M.13(1) - MOMENT OF INERTIA OF A DISK AND A RING

A wooden disk and a metal ring with the same diameter (15 cm) and equal mass (605 grams) roll with different accelerations down an inclined plane. One can show that the ring and the disk have the same diameter by superpostion and the same mass by placing them on a balance. Now, if both are rolled along the lecture bench by being given an equal impuse, the metal ring will continue to roll longer than the disk because of its greater moment of inertia. However, when the ring and disk are released simultaneously from the same height on an inclined plane, the wooden disk reaches the bottom first due to its lesser moment of inertia.

Disks, rings, and spheres can be set to roll down the plane showing that all spheres beat disks and all disks beat rings. At the same time, all spheres roll alike as well as all disks and all rings.

M.13(2) - AXIS OF ROTATION

It exemplifies the tendency that a body has to rotate about its axis of greatest moment of inertia. A ring, a chain and a cylinder each hanging on a string are tied in turn to the hook of the rotator spindle. As the rotator runs, with the ring tied to it, the string will be twisted and soon the ring will take up a horizontal position. When the chain is set-up, the final position will be a flattened loop on the horizontal plane. The same happens with the cylinder: initially hanging on the vertical position, as it is rotated, it takes up the horizontal position. This can also exemplify the tendency in nature to reduce the expenditure of energy of any system to a minimum -- the distance between the center of gravity of those objects and the suspension point tends to decrease.

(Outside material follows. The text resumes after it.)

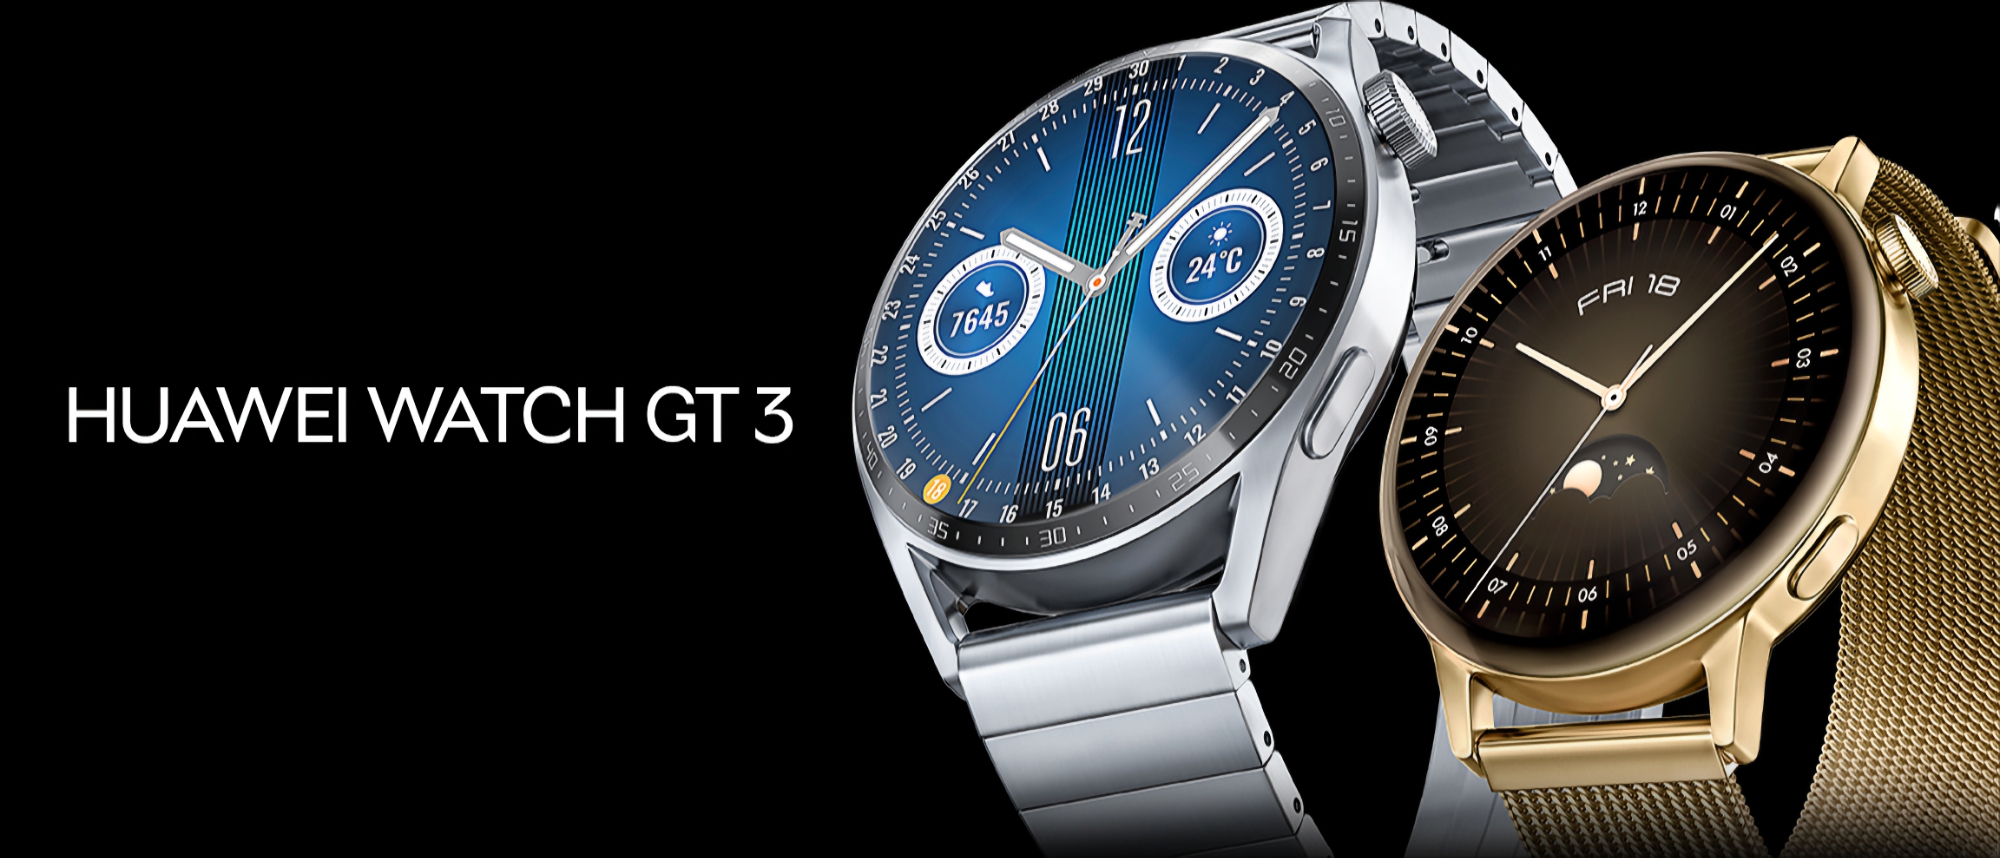 Die Huawei Watch GT 3 Smartwatch erhält ein neues Software-Update

M.13(3) - ROLLING AND SLIDING - ENERGY OF ROTATION

It exemplifies the tendency that a body has to rotate about its axis of greatest moment of inertia. A ring, a chain and a cylinder each hanging on a string are tied in turn to the hook of the rotator spindle. As the rotator runs, with the ring tied to it, the string will be twisted and soon the ring will take up a horizontal position. When the chain is set-up, the final position will be a flattened loop on the horizontal plane. The same happens with the cylinder: initially hanging on the vertical position, as it is rotated, it takes up the horizontal position. This can also exemplify the tendency in nature to reduce the expenditure of energy of any system to a minimum -- the distance between the center of gravity of those objects and the suspension point tends to decrease.

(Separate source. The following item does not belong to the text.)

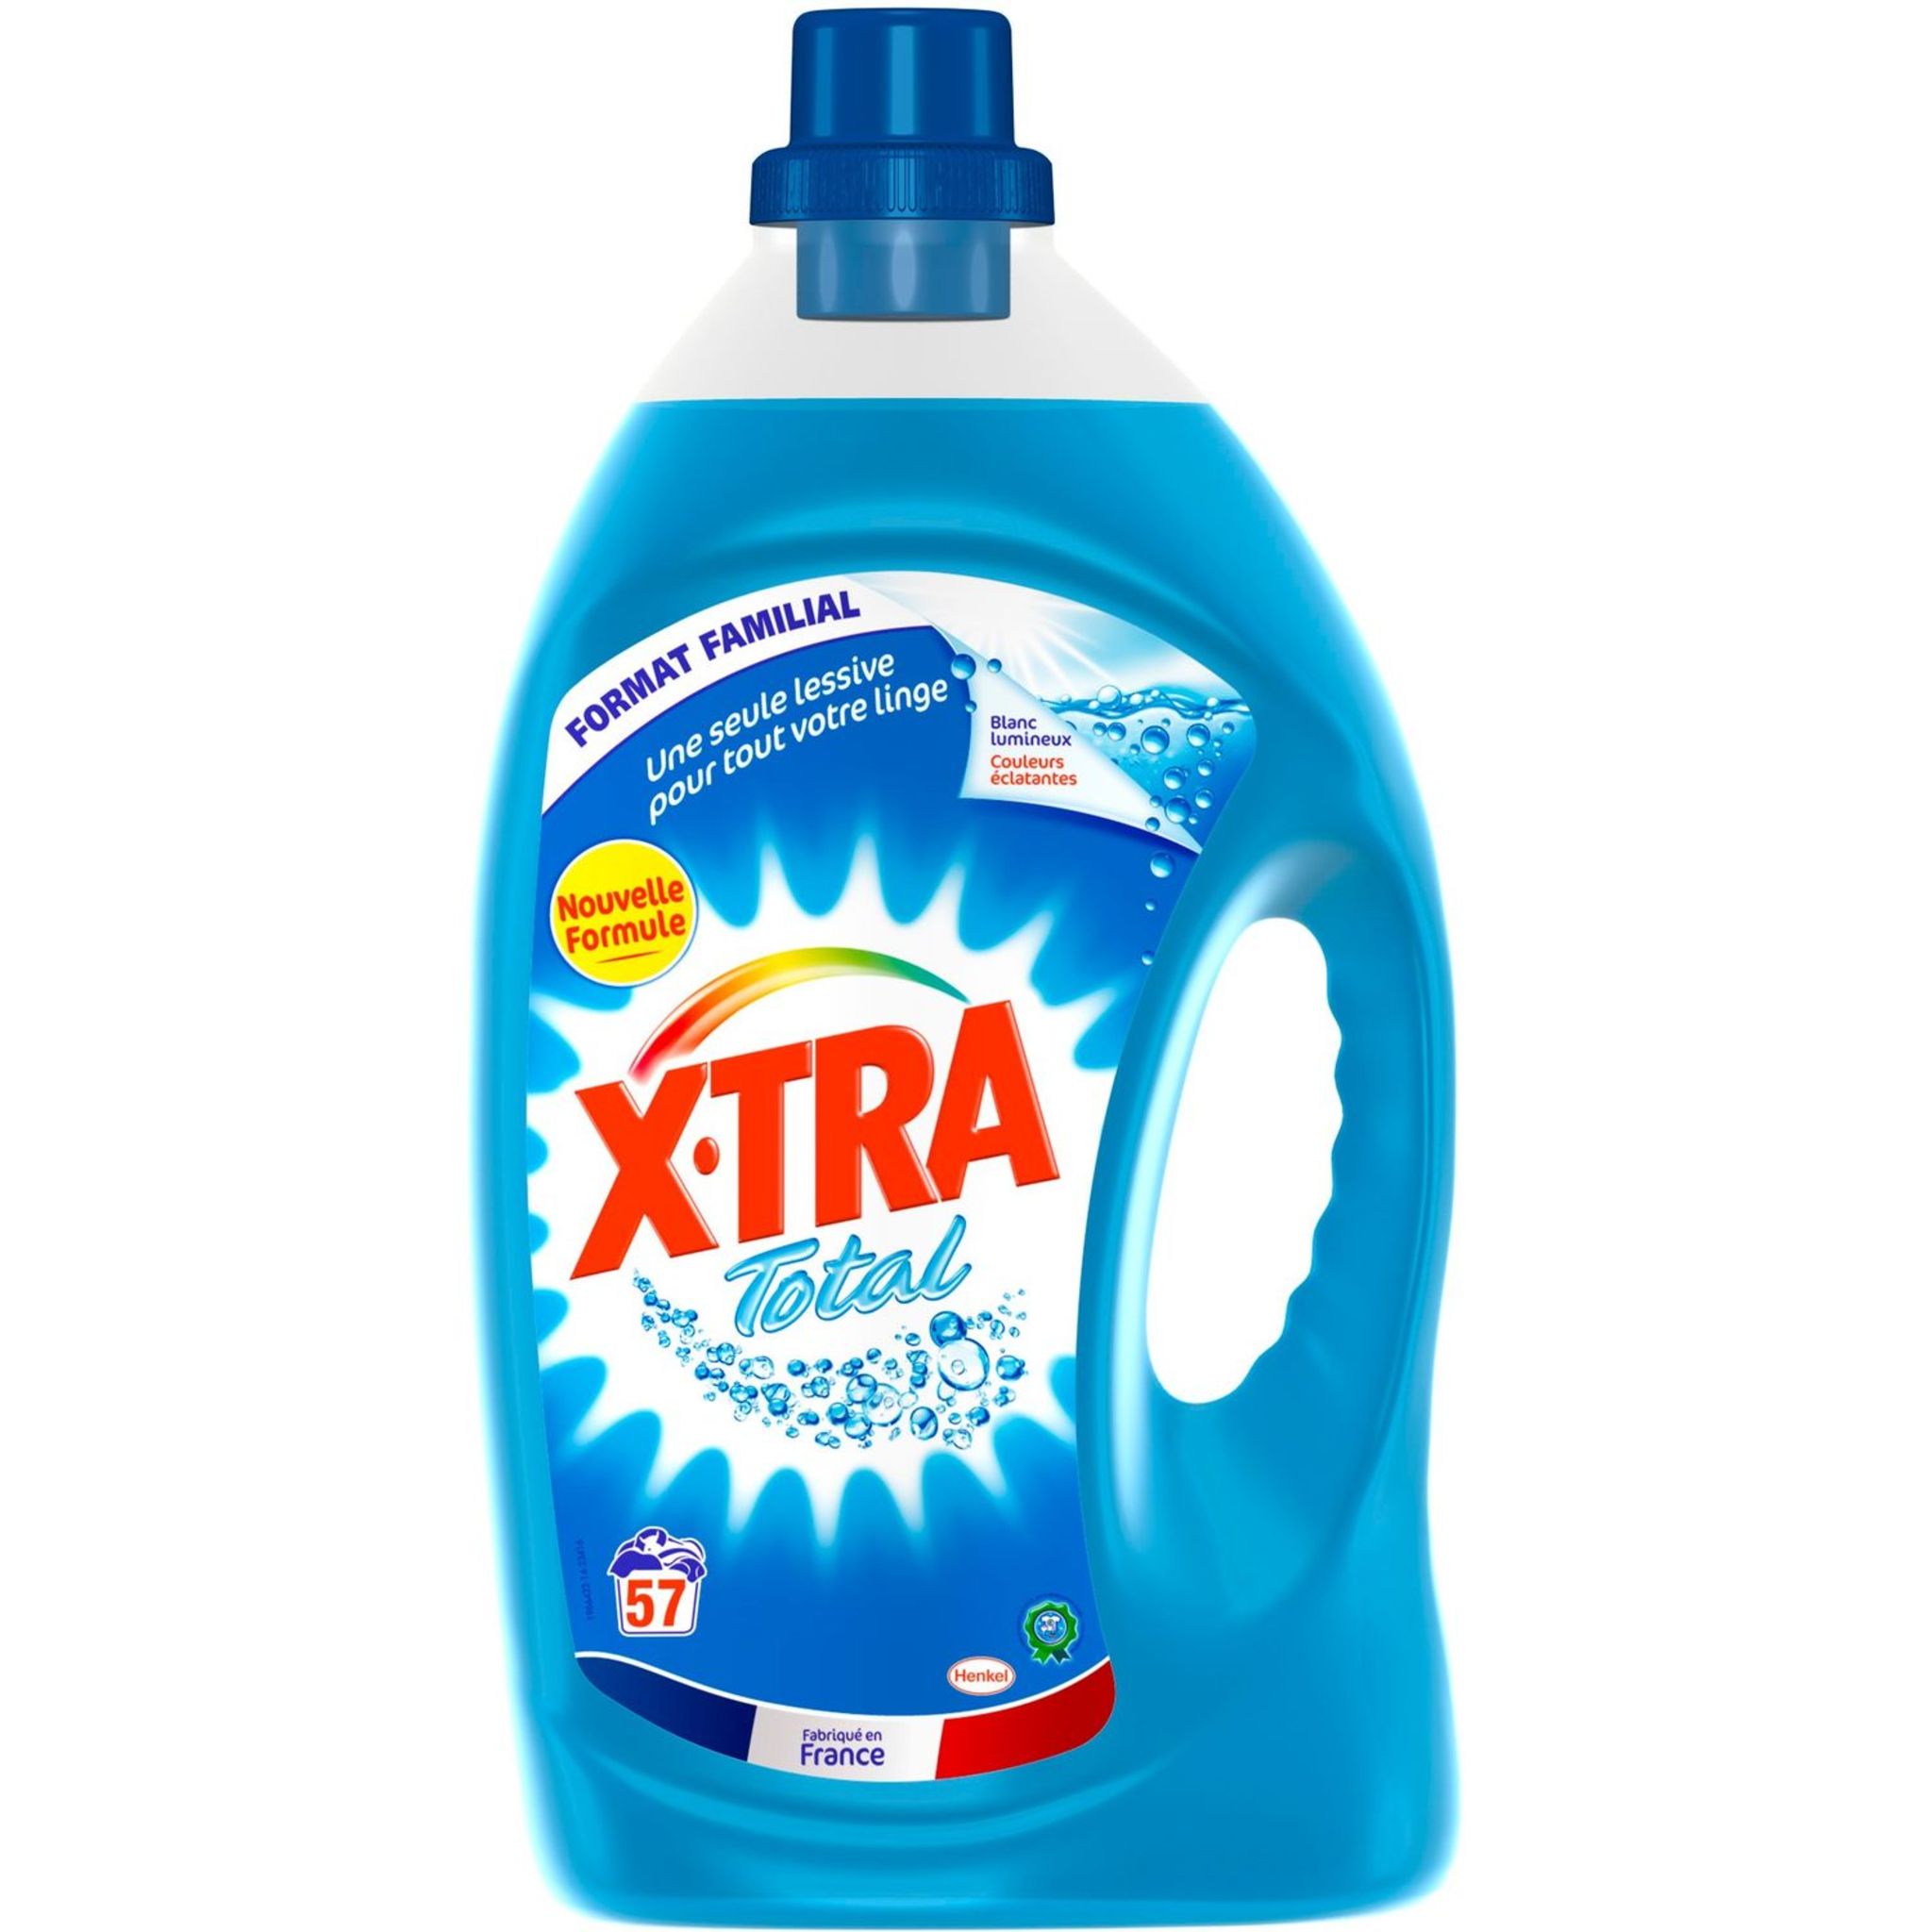 X-TRA Xtra lessive diluée total lavage x57 - 4l pas cher

M.13(4) - FALLING BALL AND HINGED STIC

The free end of a falling hinged stick (a narrow board) falls faster than a free-falling ball placed at the other end of the stick, when their center of masses accelerate at an equal rate.

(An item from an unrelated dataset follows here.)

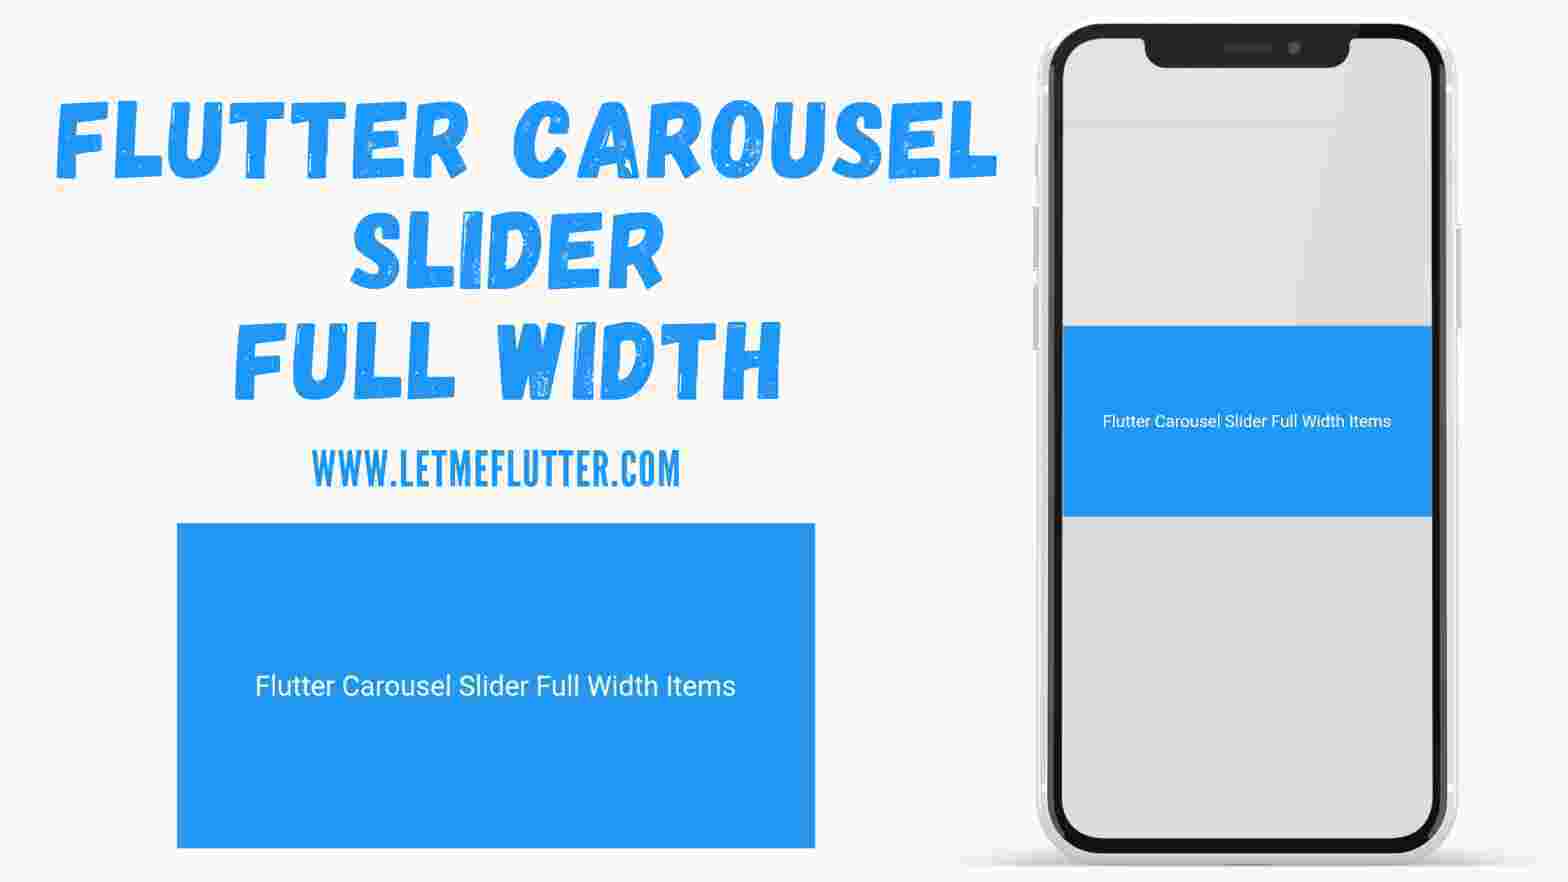 flutter carousel slider full width

The apparatus is one meter long and consists of two wooden boards mounted one above the other and hinged together at one end. Near the other end of the top board there is a clear plastic cup and at the very tip of the board, a small support for a steel ball. With the apparatus on a flat surface, hold the upper board at about 45°. Set the ball on the support and let the board go.

Surprisingly, the ball will end up in the plastic cup, when the two boards are sitting together. It can also be tried with a plastic ball to show that this works regardless of the ball's mass.

M.13(5) - THE ABERRANT CANDLE FLAME

The apparatus is a wooden platform (40 cm long and 6 cm wide) connected at its center to a variable speed rotator with a clear plastic cylinder (8 cm tall and 5 cm in diameter) at each end. Inside each cylinder, there is a candle. As one lights them up, with the platform still, the flames are vertical. When the platform begins rotation around its central axis, the flames begin to slant inwards -- pointing to each other.

M.13(6) - MOMENT OF INTERIA APPARATUS

This set-up consists of two apparently identical disks, with the same mass but with a different mass distribution: one has a massive center and the other a massive outer ring.

A thread is wound around each axis and extended over a pulley to support a weight. As one lets the weights drop, the disk will spin around their axes: the disk with a massive outer ring has a larger moment of inertia, thus rotating slower than the plastic one.